- YOUR INSTRUCTIONS
Would you please copy all of the data exactly, skipping the images?

DATA EXTRACT Block Start

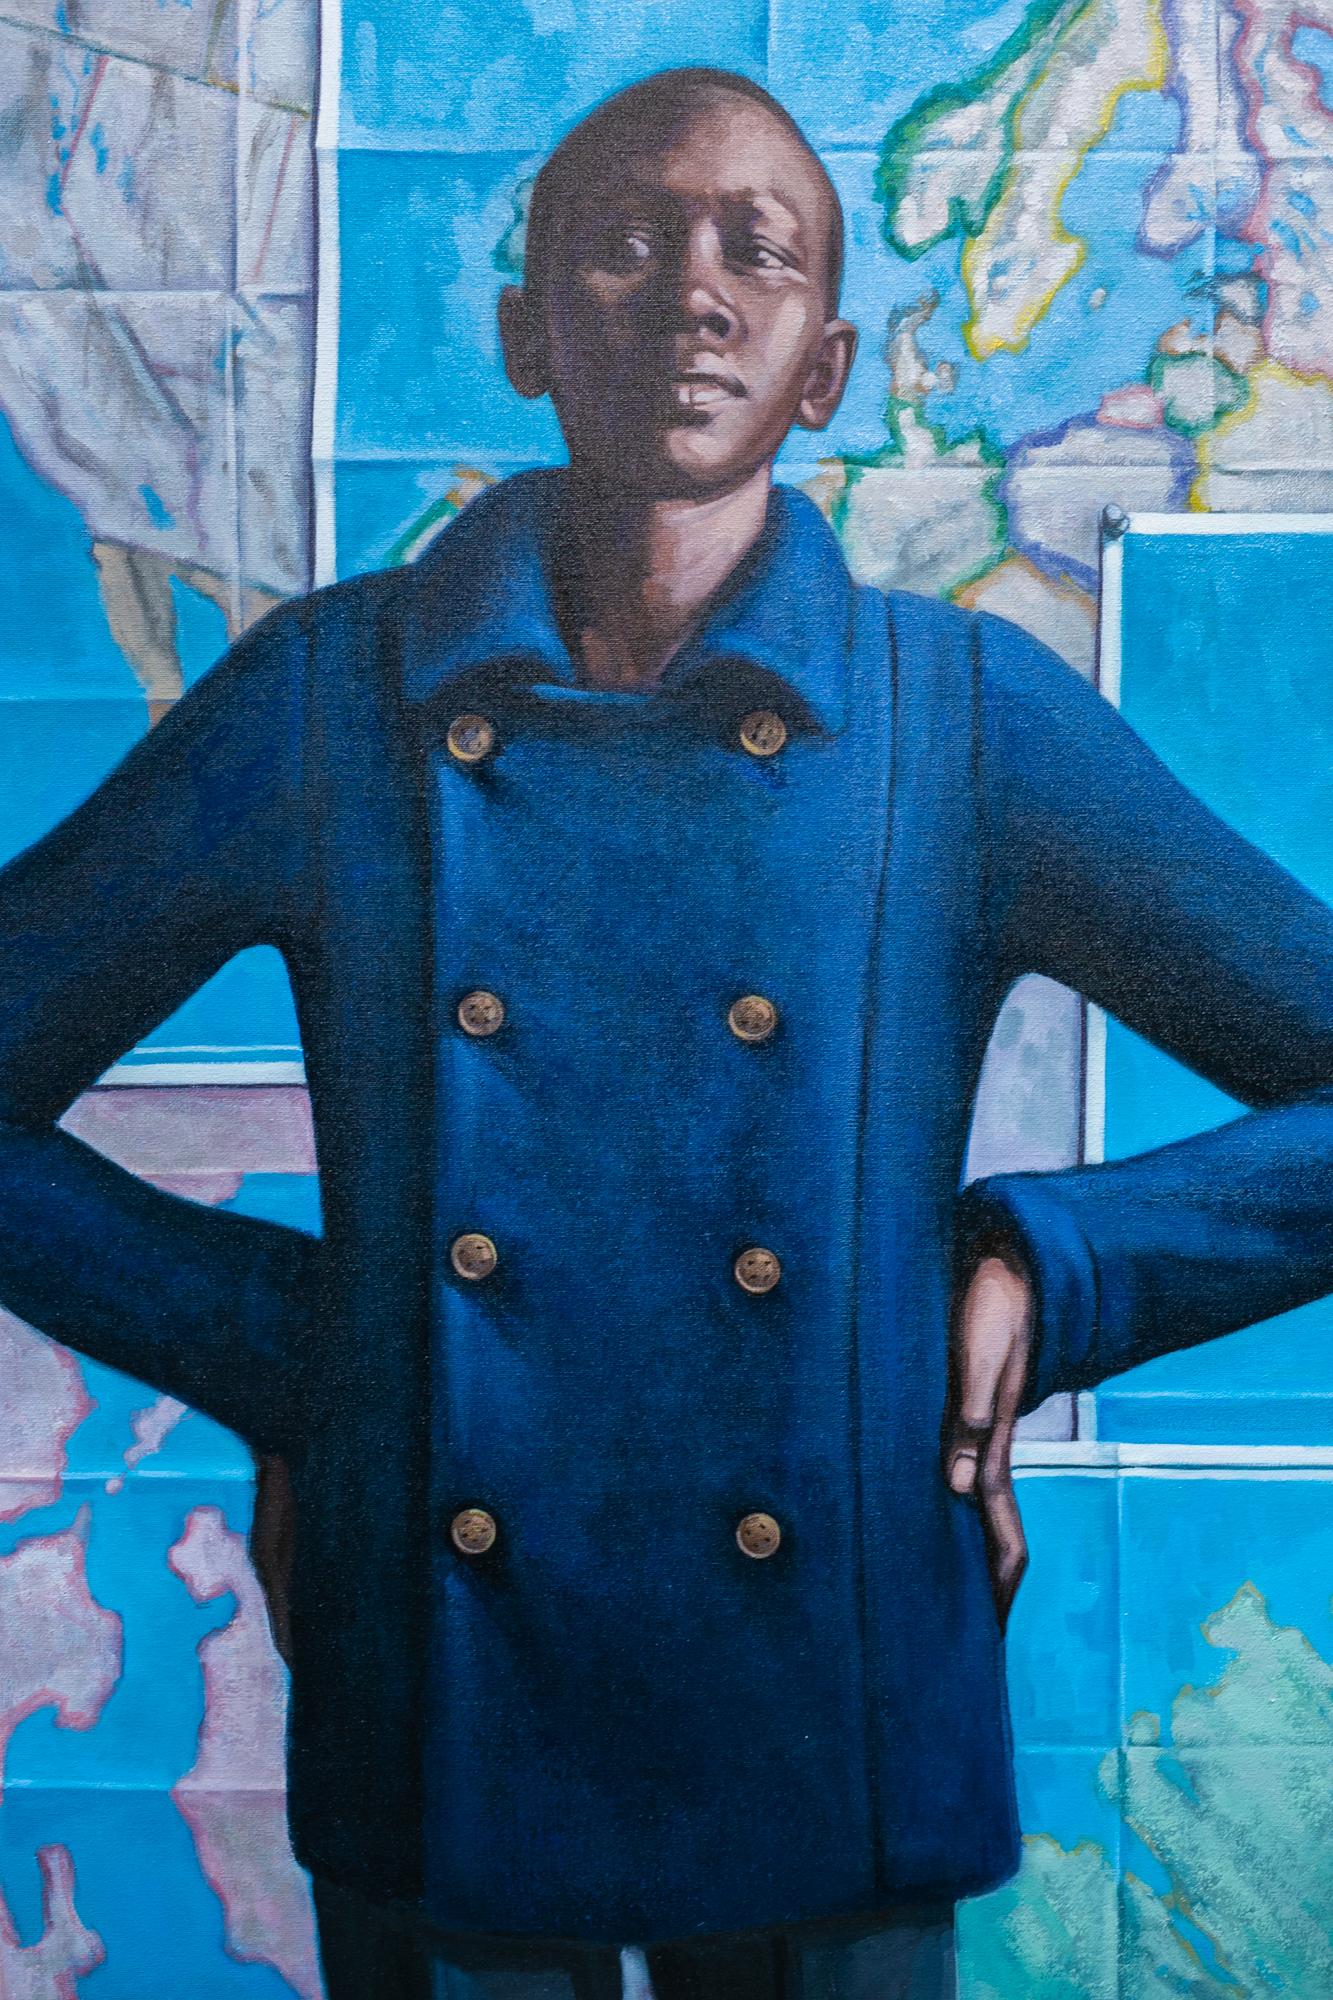 This figurative painting titled 
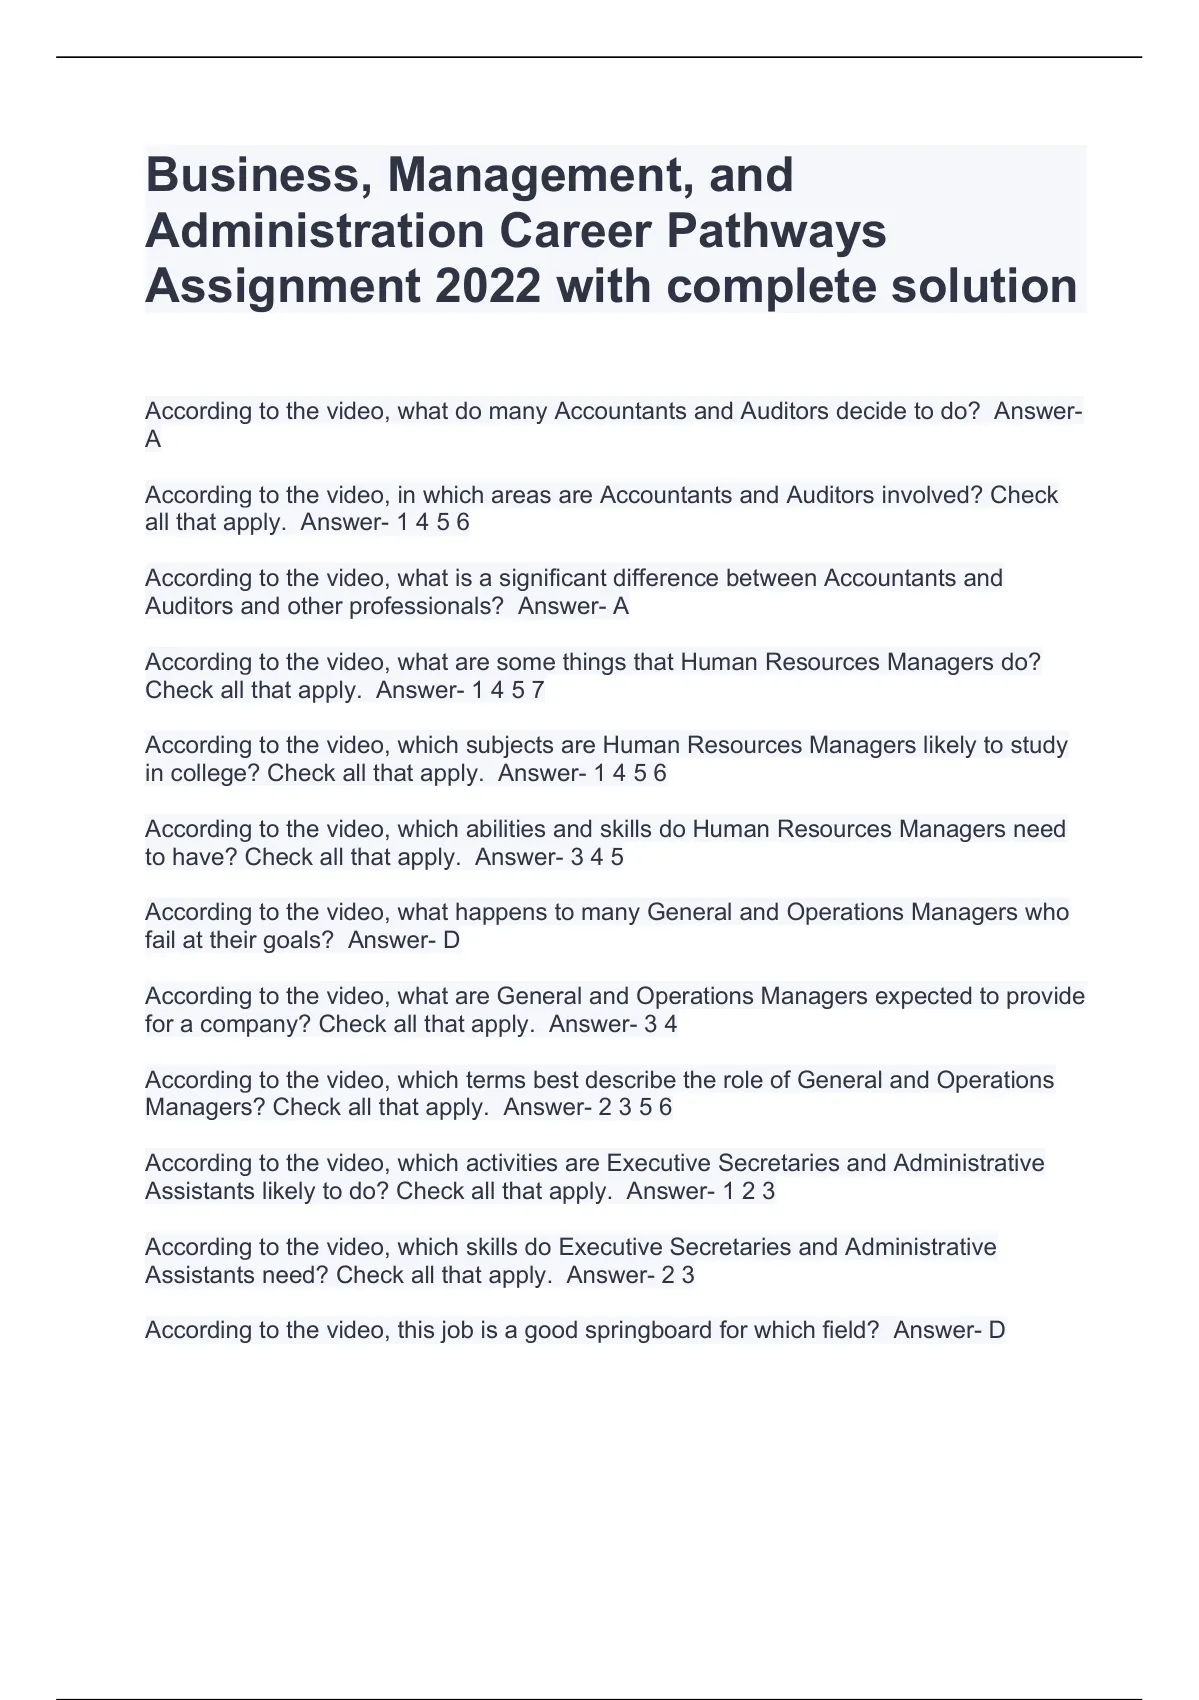 business management and administration career pathways assignment quizlet
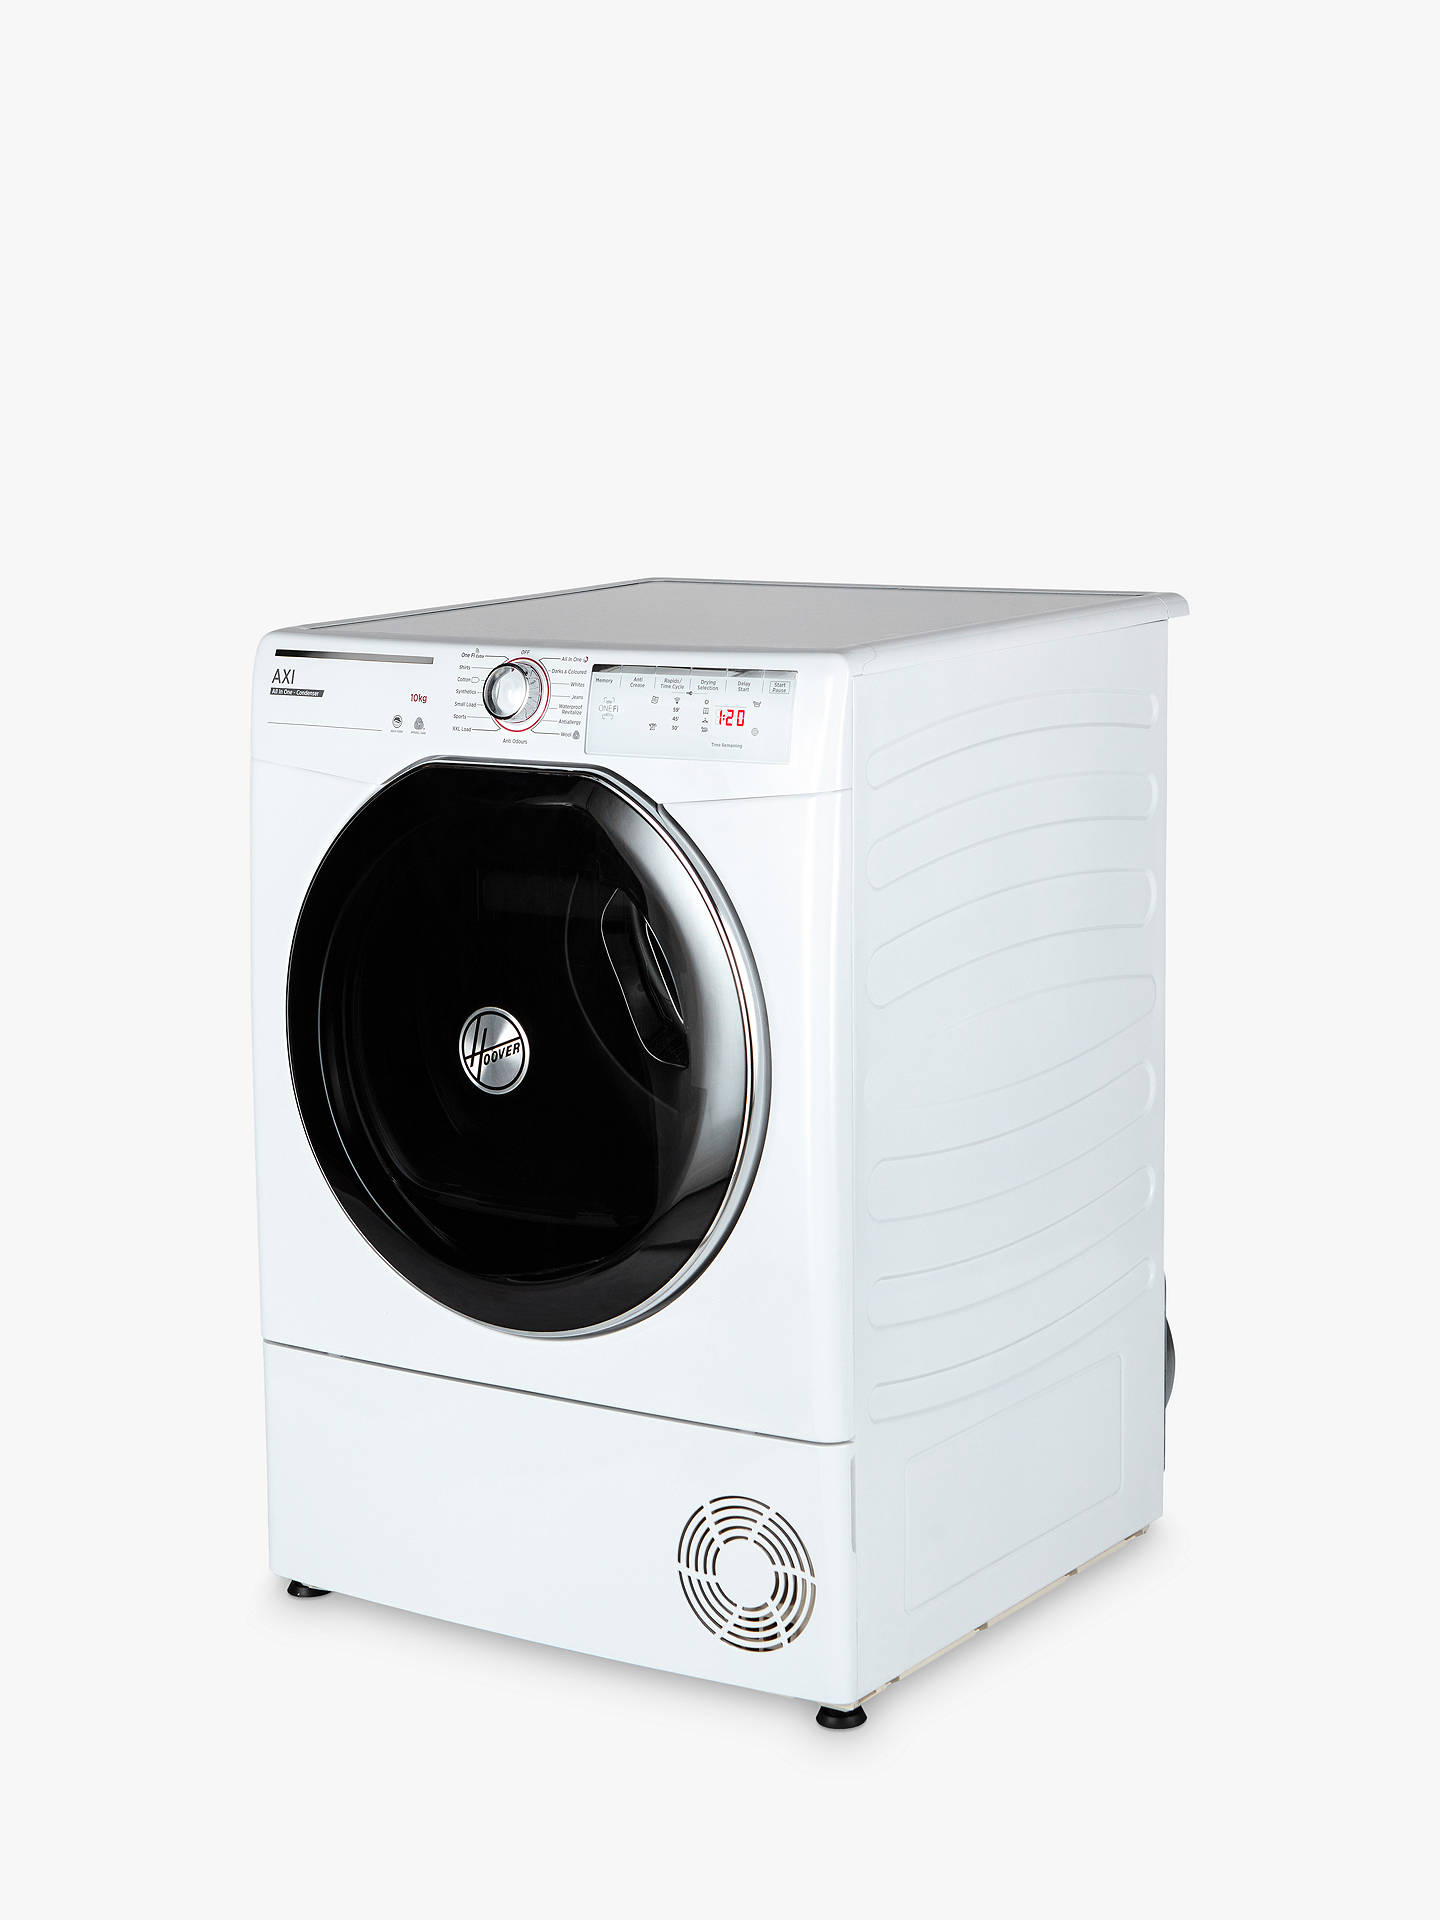 10kg Load Hoover AXI ATDC10TKEX Freestanding Condensor Tumble Dryer White WiFi Connected

DATA EXTRACT Block End

- RESPONSE TO THIS TASK
 This figurative painting titled 
 business management and administration career pathways assignment quizlet
 10kg Load Hoover AXI ATDC10TKEX Freestanding Condensor Tumble Dryer White WiFi Connected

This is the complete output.